President Sidney A. McPhee, who led an MTSU delegation that included state Senate Majority Caucus Chairman Bill Ketron, R-Murfreesboro, signed the agreement during ceremonies on the Shanghai campus.

MTSU President Sidney A. McPhee, right, exchanges welcome gifts with Huang Zhen, vice president for teaching and international affairs for the Shanghai Jiao Tong University, after signing an agreement Friday to establish formal ties between the two academic institutions. (MTSU photos by Andrew Oppmann)

“Shanghai Jiao Tong University is a premier university, recognized internationally for excellence across its 29 schools and 11 institutes,” McPhee said.

“Our partnership will allow students and faculty to study, explore and collaborate on projects that benefit both institutions and our respective communities.”

The agreement was forged at one of the first stops of a seven-city tour by the MTSU delegation to create or strengthen relationships with Chinese universities. (Watch a video from the visit at http://tinyurl.com/MTSUShanghai.)

“Today we opened the door to the future for our two universities to forge significant research relationships,” said Ketron, a 1976 graduate of MTSU who represents the 13th District in the state Senate.

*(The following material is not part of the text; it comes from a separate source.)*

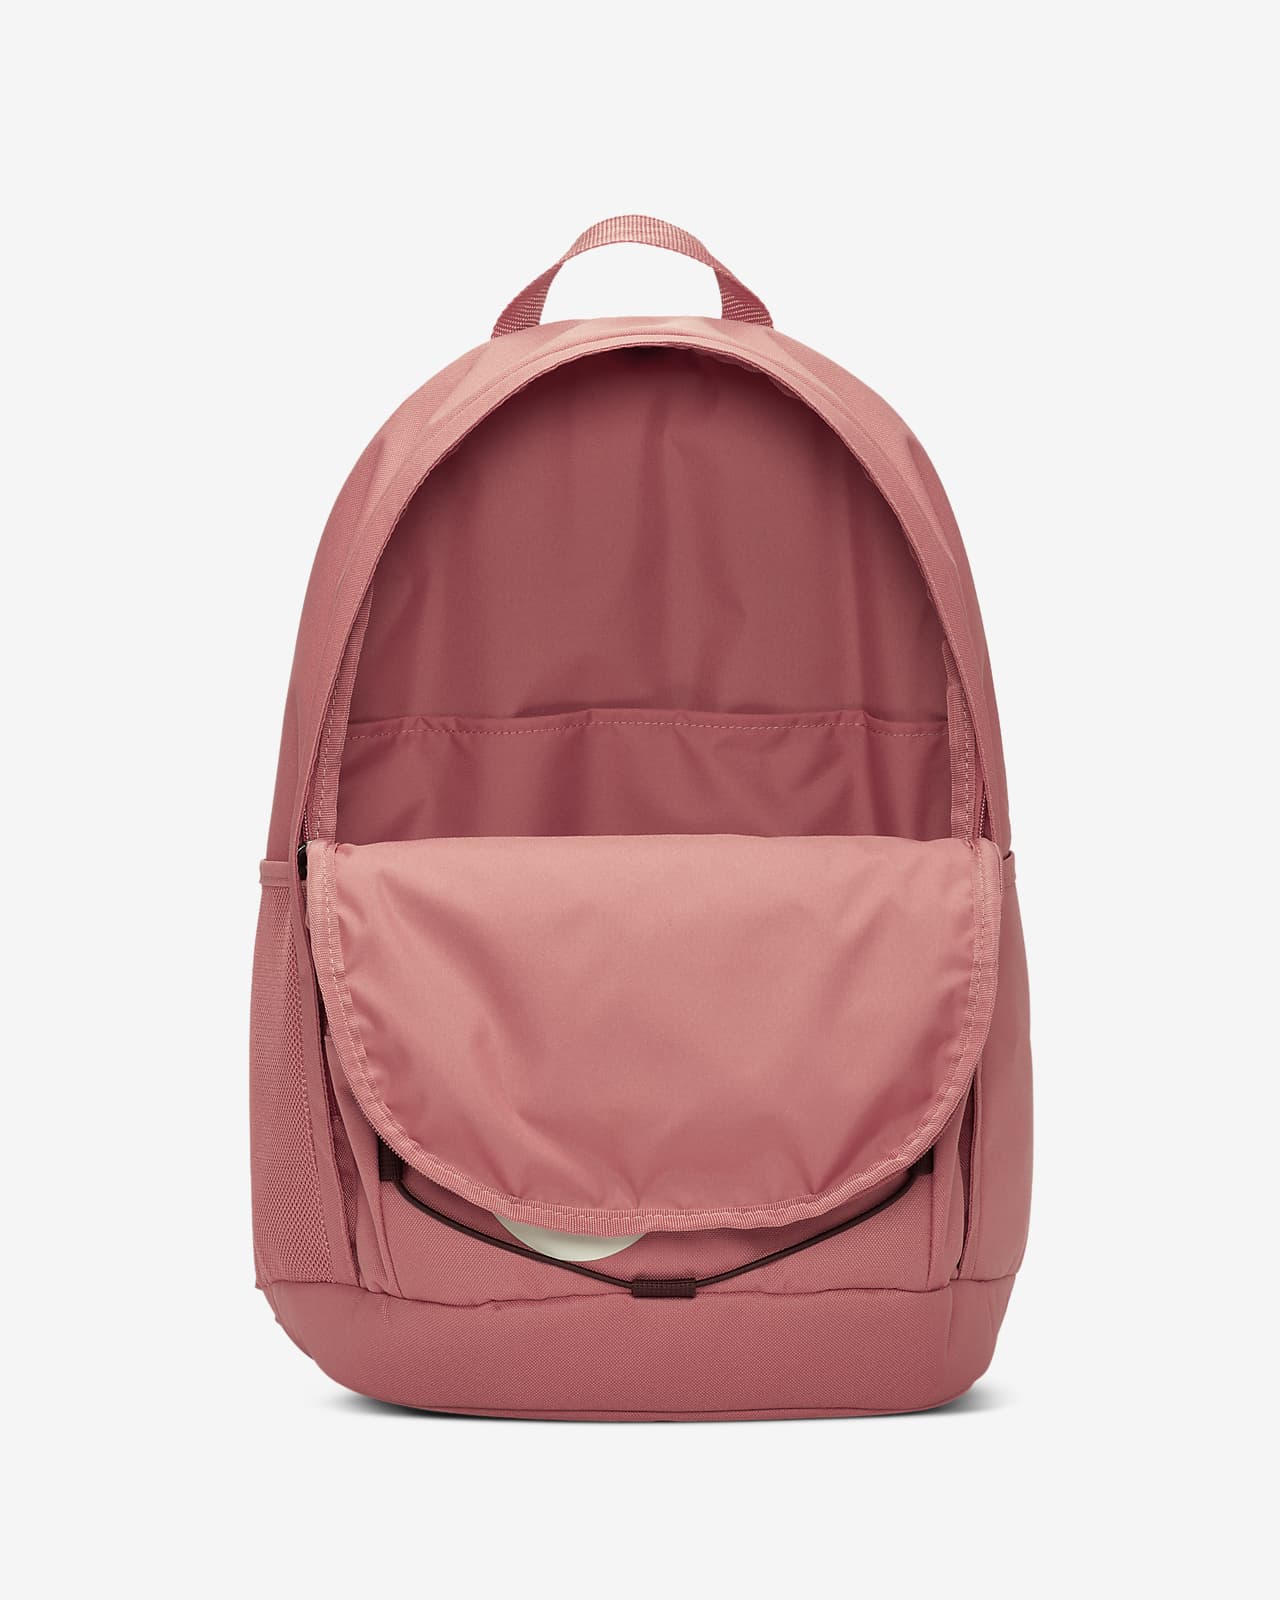 nike hayward backpack pink

Founded in 1896, Shanghai Jiao Tong University offers a wide range of academic programs, with sciences as its foundation. Three of its disciplines — naval architecture and ocean engineering, mechanical engineering, and clinical medicine — are ranked No. 1 in China.

Faculty, students and alumni of Shanghai Jiao Tong have created many “firsts” in modern and contemporary Chinese and world history, including China’s first internal combustion engine, the first hovercraft and the first medical operation to reattach a severed limb.

Friday’s agreement joins the School of Life Sciences and Biotechnology at Shanghai Jiao Tong with the Tennessee Center for Botanical Medicine Research headed by Director Elliot Altman, who also is a biology professor at MTSU.

MTSU President Sidney A. McPhee, left,  and Xuehong Zhang, executive dean of the School of Life Sciences and Biotechnology at Shanghai Jiao Tong University, signed an agreement Friday that established formal ties between the two academic institutions.

“This agreement is a starting point,” Altman said. “Universities in China like to start relationships with U.S. universities that encourage the exchange of students and collaborations between professors. There are definite possibilities here for both of our institutions.”

Xuehong Zhang, executive dean of the School of Life Sciences and Biotechnology, signed Friday’s agreement on behalf of Shanghai Jiao Tong University. Deputy Dean Zhang Dabing, who is director of the National Center for Molecular Characterization of Genetically Modified Organisms, also represented the school.

Yan Feng, director of the Department of Biosciences and Biotechnology, and Professor Dawei Li of the School of Pharmacy also attended on behalf of the Shanghai university.

After the signing ceremony, McPhee and the MTSU delegation also conferred with Huang Zhen, vice president for teaching and international affairs for the Shanghai university, on specifics on the student exchange aspects of the agreement.

Zhen said one third of his university’s undergraduate students participate in study abroad programs, a point of pride for the institution.

McPhee also spoke to about 100 Shanghai students on how to become a successful international student at an American university, using MTSU as a role model and starting point for his discussions.